– Нет-нет, – вежливо засмеялся Саша. – Я тоже буду эту яичницу.
Блеснули какие-то двойные стекла его очков и расчетверились стремящиеся понравиться мне глазки.
И вдруг он затараторил, быстро-быстро. Стал как-то нескладно шутить. Его, как понесло.
– Ой, да как же я домой-то потом дойду с тремя яйцами, такой тяжелый? – затараторил вдруг он. – Там же лед на канале. Вот я иду, а он вдруг треснет подо мной? Нет, лучше уж я поеду на электричке. А хотя там же пути могут быть разобраны. Ну, тогда я перейду на противоположную платформу и сразу туда.
Я смотрел на него с каким-то тайным удивлением, с каким-то благоговением, как на урода, который представлен природой в единственном числе и потому так чудовищно прекрасен.
– А ты читал Бердяева? – спросил его вдруг почему-то я.
– Ненавижу! – радостно выкрикнул он. – Ненавижу и Бердяева, и Достоевского вашего и Толстого! А вот Тургенева, Тургенева обожаю, да, – он почмокал губами, – обожаю. Хотя бы за то, что тот был богат и писал романы.
«Как будто Толстой не был богат и не писал романы», – подумал я, но промолчал и решил не перебивать его, ведь надо же было посмотреть его до конца, что за человек и сможет ли он исполнить заодно с моим поручением и то, о чем даже и не догадывался.
А он уже сыпал в двадцатый век и говорил, что здесь все, все подлецы, начиная с Белого и до Юрия Карловича Олеши, которого он, как выяснилось, тоже до безумия обожает.
– Да мы и сами, – продолжал он, уписывая мою яичницу, – попади мы в сталинский кинофильм, разве бы мы не писали доносы?
– Ну, уж, нет, – тихо и холодно ответил я.
Но он, увы, не заметил этой моей, долженствующей его уже насторожить, холодности.

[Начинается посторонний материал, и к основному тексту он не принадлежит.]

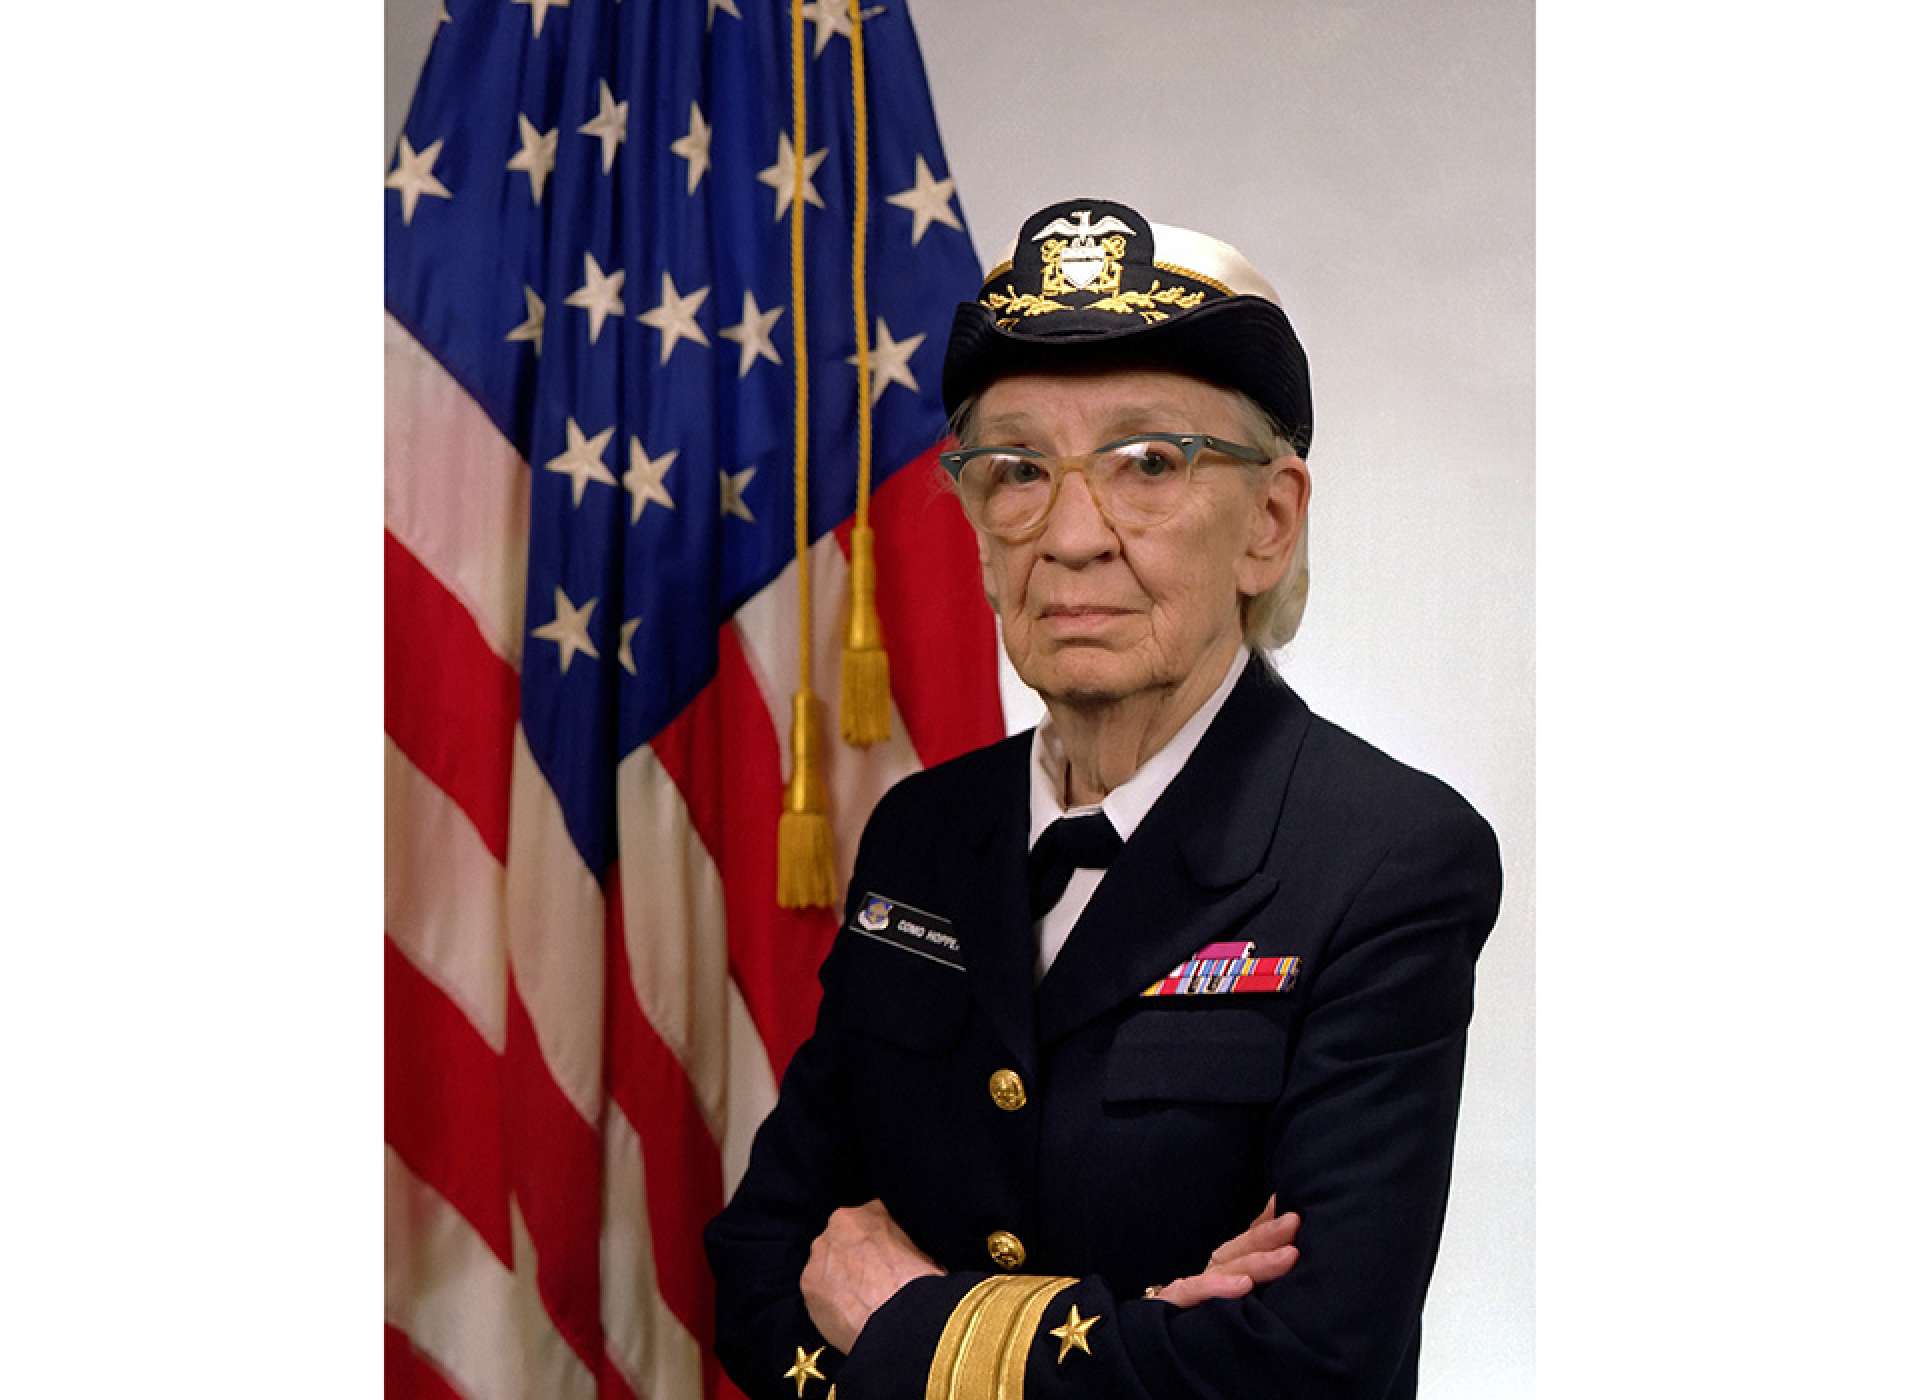 Commodore Grace Hopper’s Navy portrait from 1984

Он не заметил и жадно продолжал.
– Знаете, – жарко зашептал он, – если бы я был писателем, я бы непременно опубликовал у правых одно, а у левых другое, полностью противоположное, и, быть может, даже и разгромил бы сам себя.
– Как Розанов, – усмехнулся я.
– Нет-нет! – вскрикнул он. – Розанова я тоже ненавижу!
– А Розанова-то за что?
– А потому что это близко ко мне, очень-очень близко, но все же не совпадает. А близкие, родные, знаете ли, они же друг друга больше ненавидят, чем неблизкие и неродные.

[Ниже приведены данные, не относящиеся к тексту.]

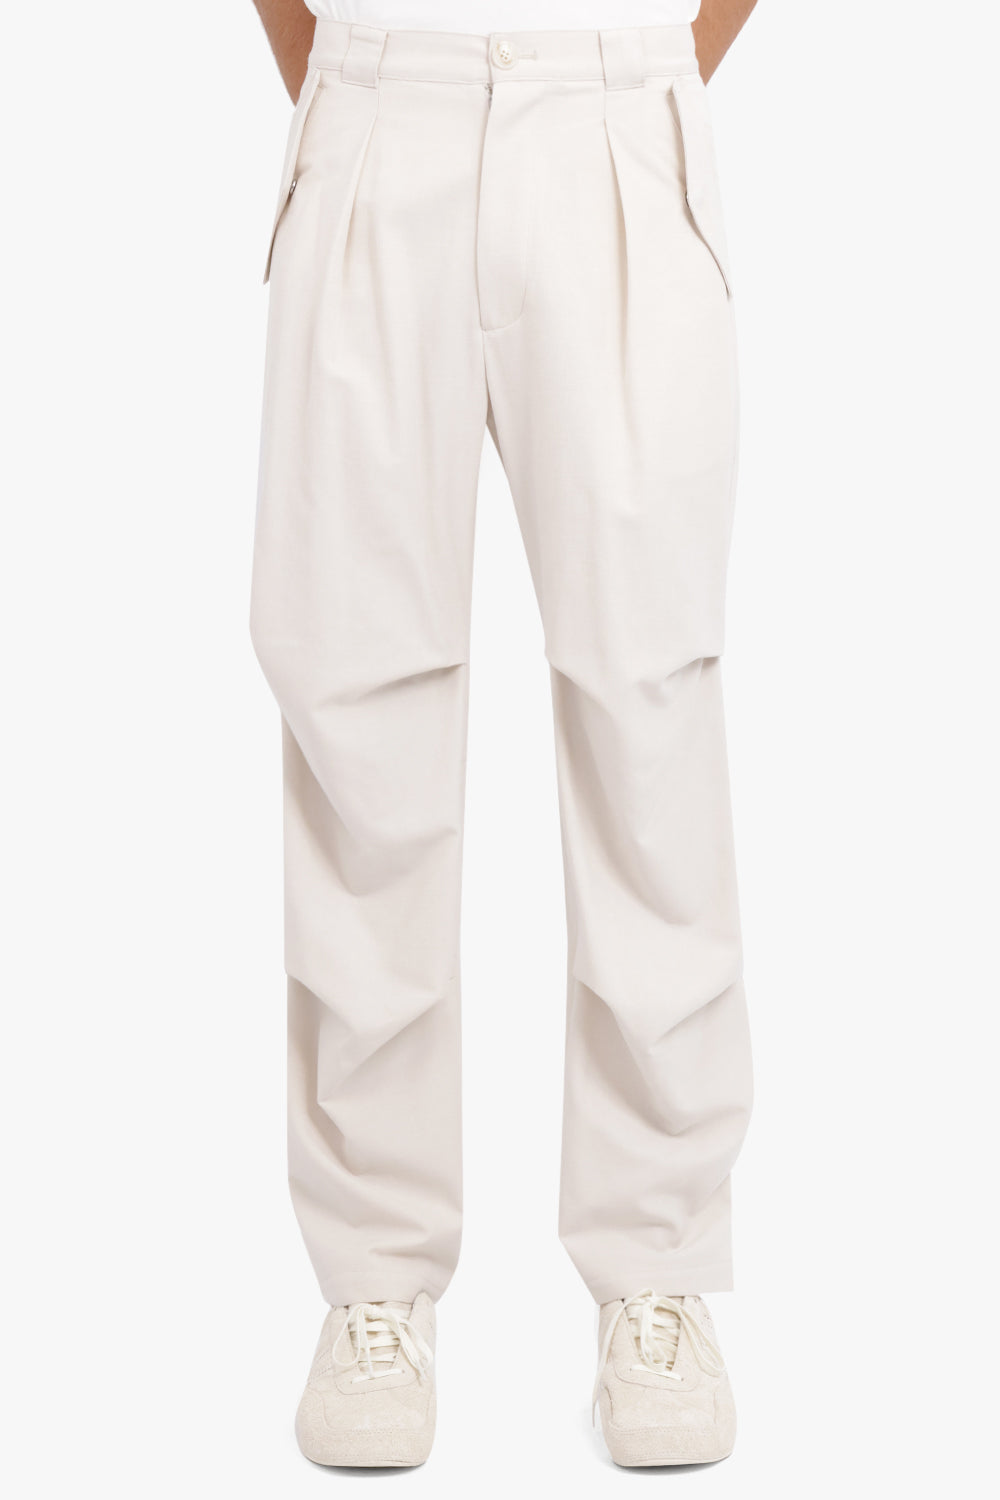 AFTER PRAY RTW TECHNICAL WOOL PANTS | IVORY

Это и был тот наш, последний, разговор. Тогда я подумал, черт с ним, с этим Сашенькой, в конце концов, кому какое дело, кто и какую литературу любит. Мы оказались с ним на одном лезвии и могли здорово поживиться. А то, что он рисковал жизнью, зачем же ему об этом тогда было знать? В тот вечер я и дал ему эти двести баксов. Он должен был начать первым.
И на следующий день я узнал, что он мертв.
Есть женщины, красота которых становится с возрастом лишь строже. Они не расплываются, не вянут. Они каменеют. Но не как от горя, а застывают в какой-то своей странной предрасположенности. К чему? К пороку? Нет, в сорок лет уже слишком поздно, да и этого, как правило, в юности у них бывает вдосталь. Они же с этого и начинают. Сама красота их красивых лиц обычно подталкивает этих женщин, словно мстя им за что-то. Как часто они хотят воина и господина, но Бог посылает им мальчика, слабого и беззащитного, со Своей тайной целью, чтобы они сделали из него мужчину, и чтобы он не успел стать жертвой, остаться лишь ярочкой, отданной на заклание тем, кто как-то уже успел стать им, мистическим, познавшим свое предназначение самцом. Как часто Бог посылает им такую первую любовь…
Раздался звонок в дверь, я вздрогнул и открыл.
– Видишь, я все же приехала, – сказала она, как-то печально пытаясь усмехнуться, как и когда-то, самый край этого полумесяца, этого ее женского татарского полумесяца, что всегда меня так соблазнял. Ее нижняя губка, увлекая верхнюю, пошла вниз. Вот-вот и, широко раскрыв рот, она должна была бы уже заразительно рассмеяться, как когда-то. Эти подпрыгивающие искорки в глазах, нет и нет, как когда-то, когда еще не была закована в этот траур, от которого хотела освободиться и ведь за этим сейчас и пришла, и за этим и была, наверное, послана. Но искры так и не разгорелись, они погасли, и теперь передо мной была лишь все еще красивая сорокалетняя женщина, ее волосы уже кое-где тронула седина.
Было ровно три, она так и пообещала (до последнего я все же не верил, думая, что в магазине она пошутила) – глубокой ночью.
– Ты пришла, потому что хочешь моей жестокости? – спросил я, помогая ей снять пальто.
– Ты полюбил тогда свою печаль, а не меня, – ответила она, ставя зонт в угол.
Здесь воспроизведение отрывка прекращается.